The Earth can be buffeted by CMEs or other high solar winds without
generating northern aurora. The reason is that the Earth's magnetic
field is strong enough to repel the charged solar wind particles. At
some level, a CME can be strong enough to overwhelm and distort the
northern hemisphere magnetic field. The result on the ground is that
the north-south z plane of the magnetic field appears to swing south -
or the Bz to said to be "Bz south" or the "Bz went south". Public
education animations of part of this process can be viewed here at the
NCAR High-Altitude Research Center -
http://meted.ucar.edu/hao/aurora/txt/x_m_2_2.php

A strong solar wind in conjunction with a Bz south indicates the best
times for viewing aurora.

As mentioned above, the primary purpose of the solar monitoring system
to prevent disruptions to the electrical power grid.
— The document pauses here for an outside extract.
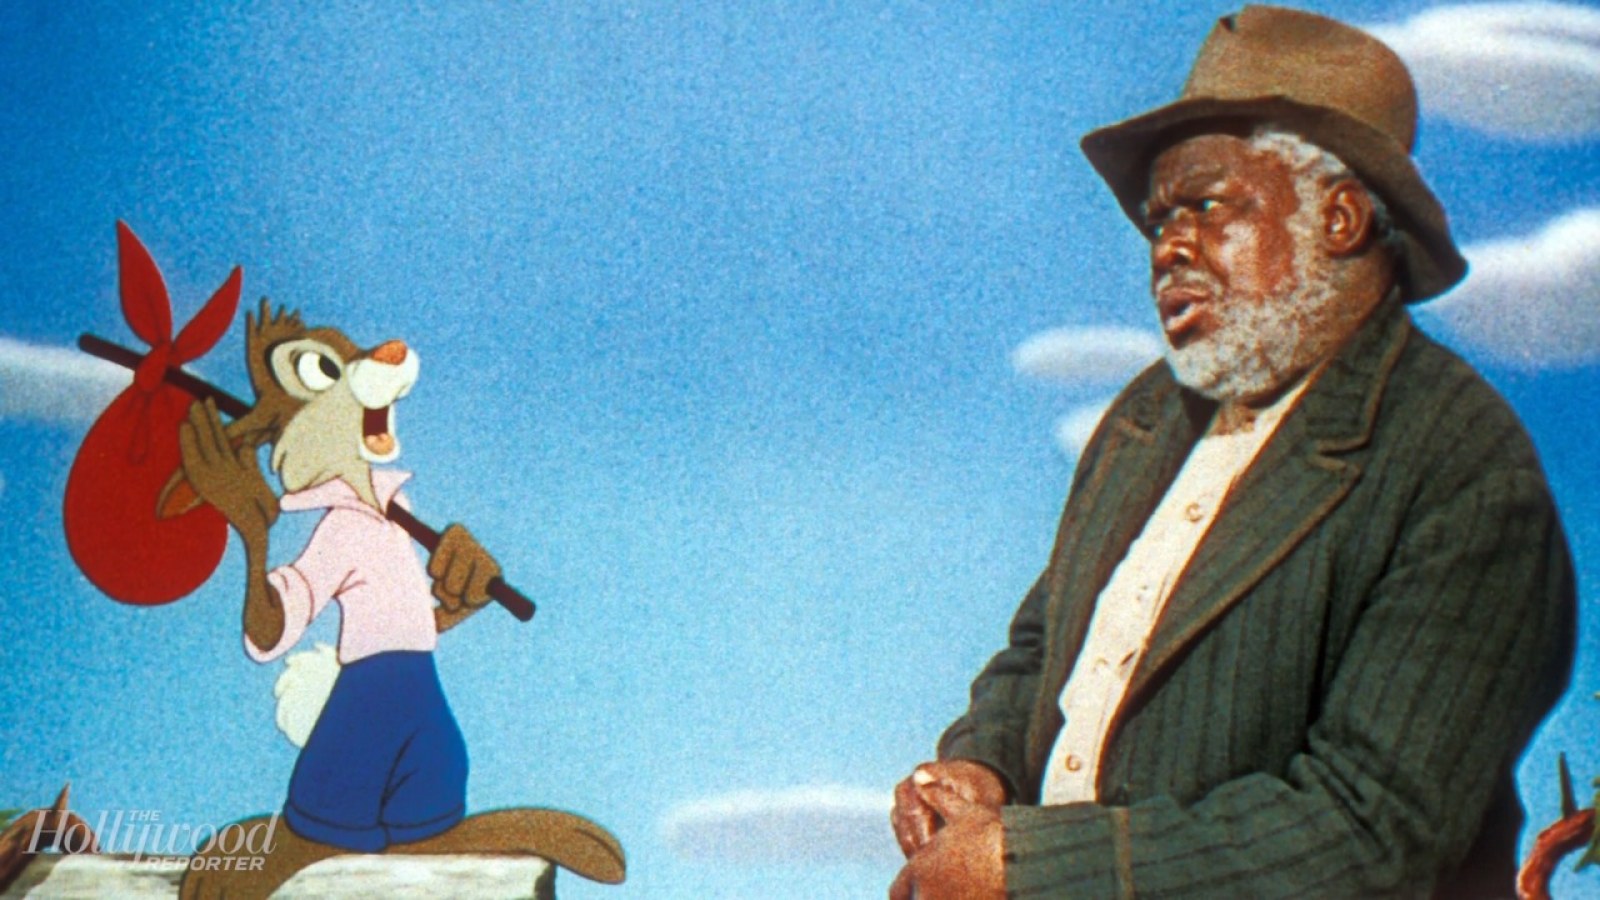 Movies That Would Never Get Made Today - song of the south disney - The Hollinwood Reporter

The NOAA Space Environment Center runs a service for utilities in the
form of 1) an online predictor of planetary geomagnetic disruption and
2) an email warning service.

The online predictor is the SEC Costello Geomagentic Activity Index.
See the "1-day" output display.
http://www.sec.noaa.gov/rpc/costello/index.html

The posts that Sam Wormley graciously makes in this newsgroup are
republications of the NOAA SEC's email warning system. The particular
warning at the top of this thread indicates that the satellite orbiting
one million miles between the Sun and the Earth registered the passage
of the CME. This means a distrubance of the Earth's field is probably
imminent. The NOAA SEC also issues email warnings that can be set for a
particular kp index level. Sam does the public service of reposting
those high kp index warnings - generally when the kp index is 6 or
higher.

A private commercialized add-on version to the SEC text email warning
system is www.spaceweather.com. For about $5 a month, they have an
automatic telephone dailing machine that will call you and leave a
message on your answering machine when the kp index is sufficiently
high that auroral displays are likely at your latitude.

Although there are some annual patterns to auroral displays, they are
generally random events and tend to occur between 12:00AM and 4:00AM.
So, someone giving you an email notice warning of when you can walk
outside with a camera or binoculars and watch for auroral display is
very helpful to the hobbyist. A fee-based telephone service that calls
and gives you a wake up call in the middle of the night is even better.


Hope that's enough info to answer to your question.

Further reading about the Sun at the above sites and:
http://solarscience.msfc.nasa.gov/SolarWind.shtml
http://meted.ucar.edu/hao/aurora/txt/x_menu.php
http://meted.ucar.edu/hao/aurora/txt/x_m_0.php

Corrections to the above by expert lurkers is welcomed and appreciated.